Свадебное платье Адолораты висело на манекене в углу комнаты. Оно получилось именно таким, каким его задумала Пьета: красивым, элегантным, мерцающим. Теперь она точно знала, что ее сестра будет выглядеть как настоящая принцесса.

Однако радость, связанная с завершением платья, умерялась другими, куда более сложными чувствами. После маминого рассказа Пьета пребывала в еще большей растерянности, чем прежде. Суетясь вокруг платья, накрывая его чехлом от пыли и подбирая с пола обрезки ткани и рассыпанные бисеринки, Пьета пыталась совместить Беппи и Катерину из маминой истории — и тех пожилых людей, в которых они теперь превратились.

Закрывая дверь мастерской, Пьета решила позвонить Адолорате. Она понимала, что должна поделиться с ней хотя бы частью прошлого их отца, но почему-то никак не могла заставить себя снять трубку. В конце концов, не ей, а сестре доставалась вся мамина любовь. А значит, она, Пьета, имеет право сохранить эту историю в тайне.

Она то и дело уходила мыслями в прошлое, пытаясь припомнить хоть какое-нибудь проявление неравенства. Но все, что ей вспоминалось, — это бесконечная череда дней, когда мама, закрыв за собой дверь спальни, уединялась на долгие часы, сославшись на головную боль, а еще — как часто она казалась печальной без видимых причин. И ни единого намека на то, что старшую дочь она любила меньше младшей.

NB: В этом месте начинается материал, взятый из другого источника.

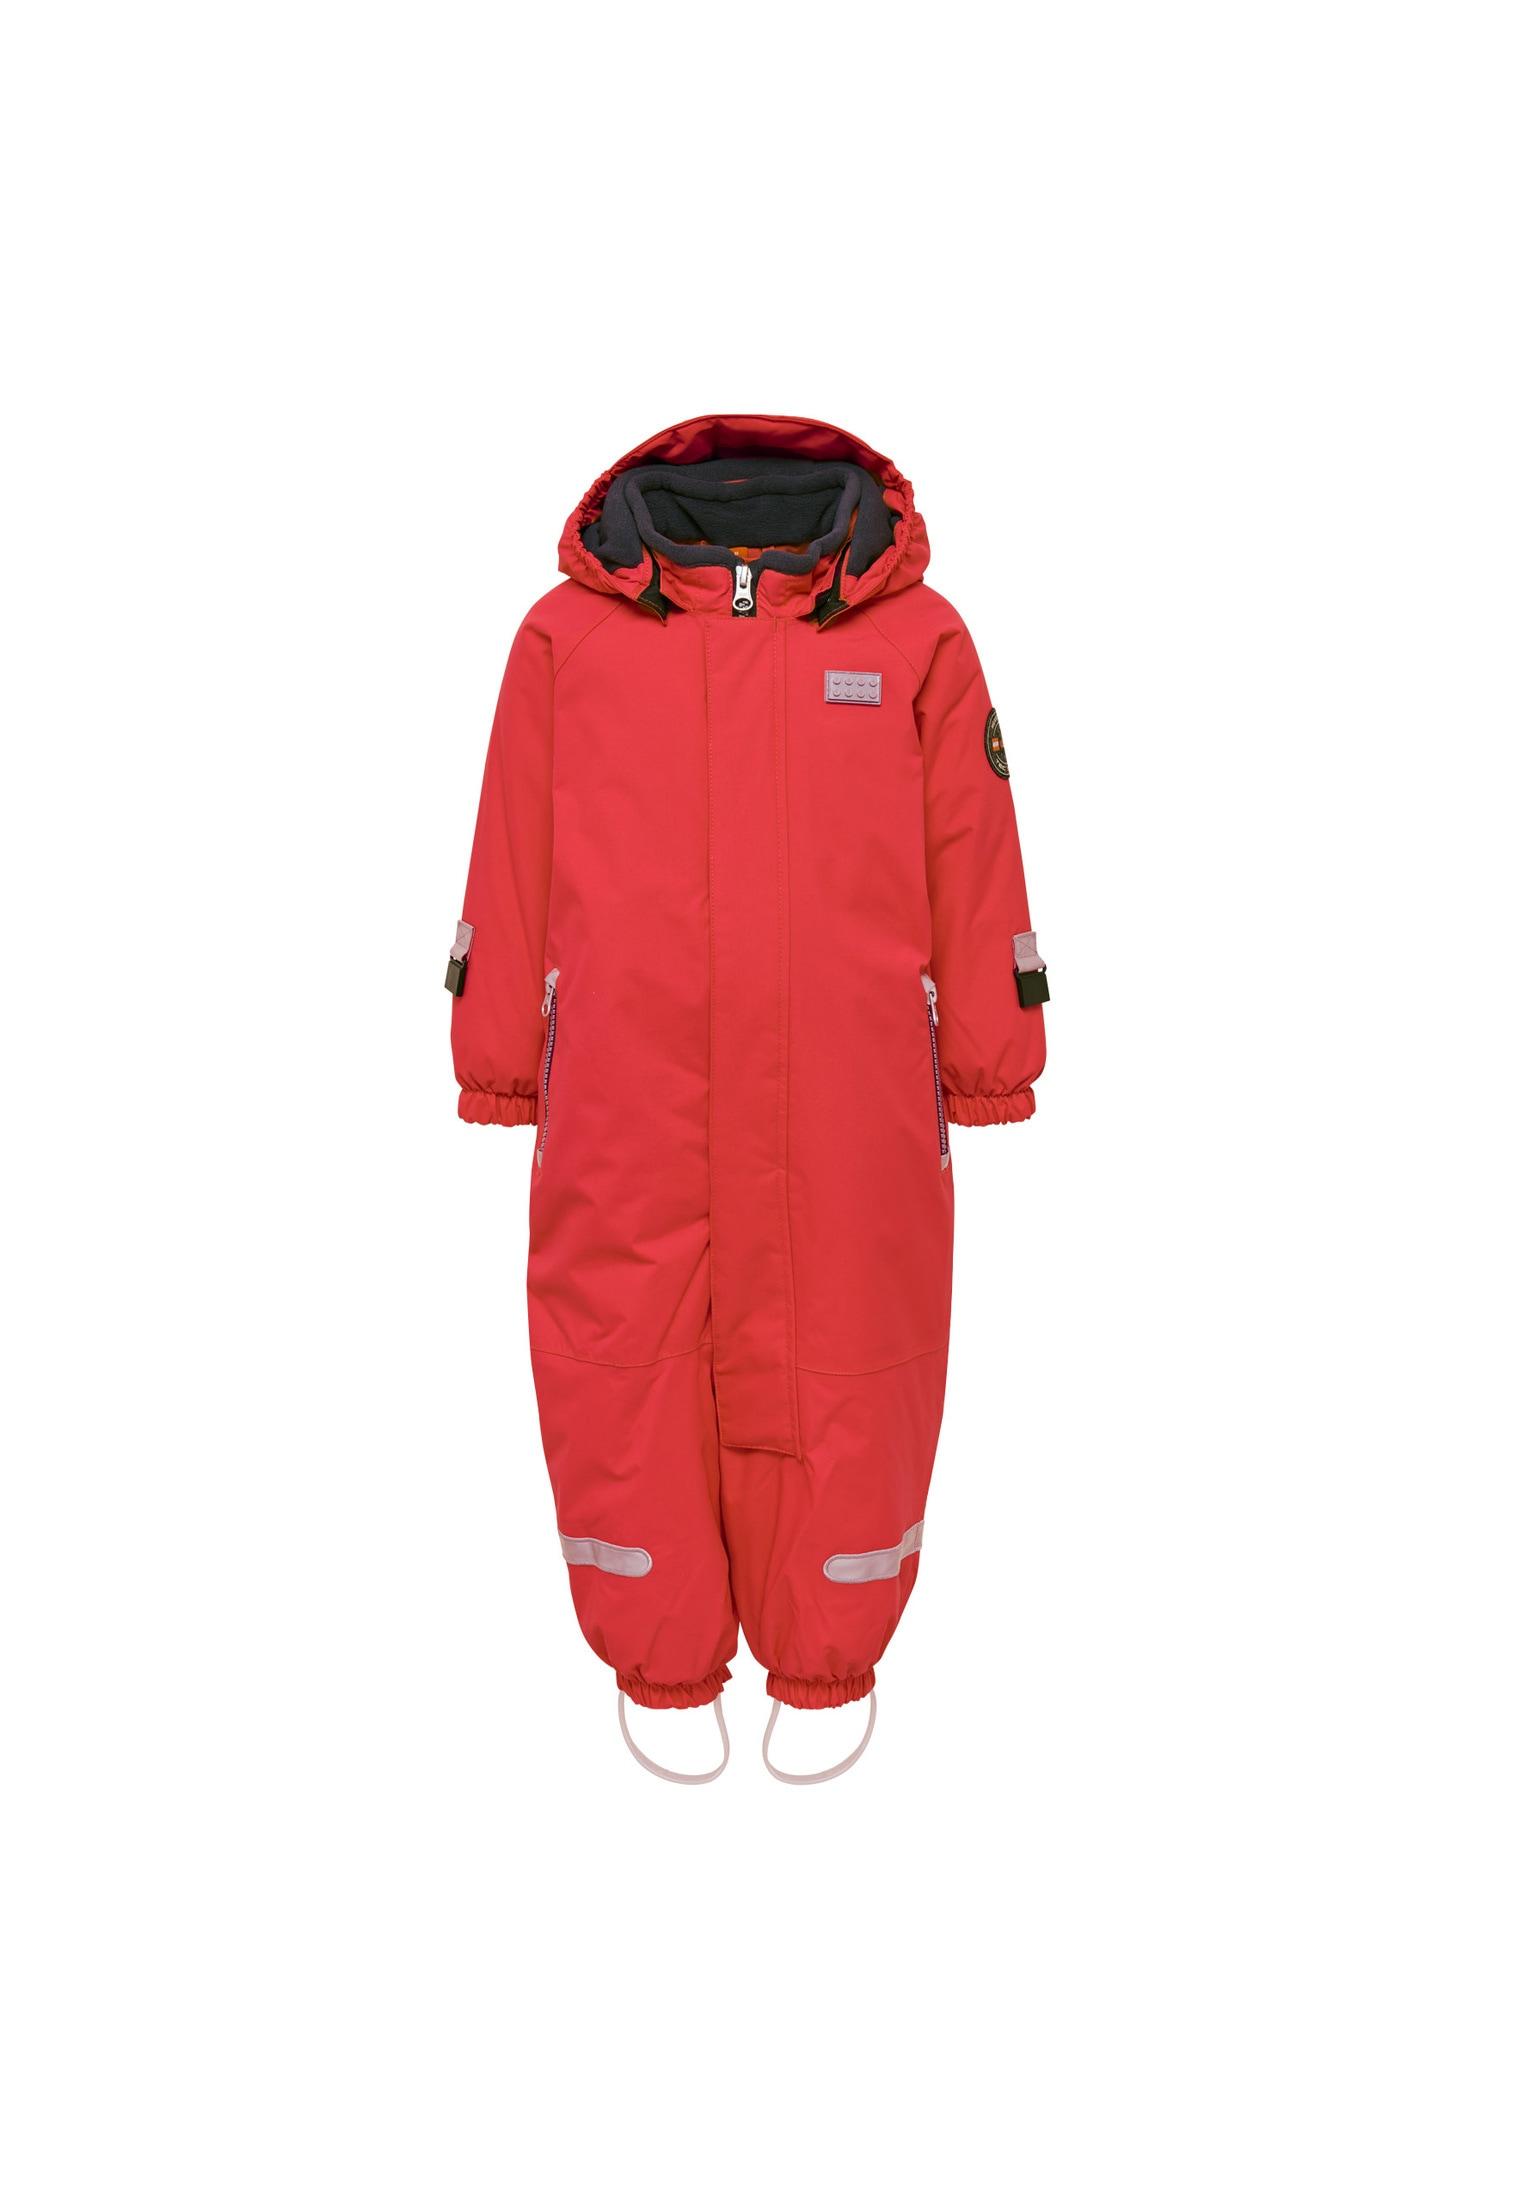 LEGO Wear Skianzug LWJULIAN 711 rot Jungen Schneeanzüge Schneebekleidung Jungenkleidung

Время близилось к обеду, и Пьета почувствовала, что не может усидеть на месте. В последние дни ее жизнь протекала между больничной палатой отца и швейной мастерской матери. Настало время выйти на улицу, вдохнуть полной грудью выхлопные газы лондонского центра, прогуляться вдоль переполненных ресторанов и кафе. Да, правда, настало время вернуться к прежней жизни.

Ноги сами понесли ее к Хаттон-Гарден, туда, где стояла мама, когда она впервые поняла, что Джанфранко последовал за ней в Лондон. Была ли это и в самом деле ревность, безумная страсть — или что-то еще? Размышляя о том, как друг детства ее отца превратился в его заклятого врага, она завернула за угол и вдруг обнаружила, что направляется прямиком к бакалейной лавке Де Маттео.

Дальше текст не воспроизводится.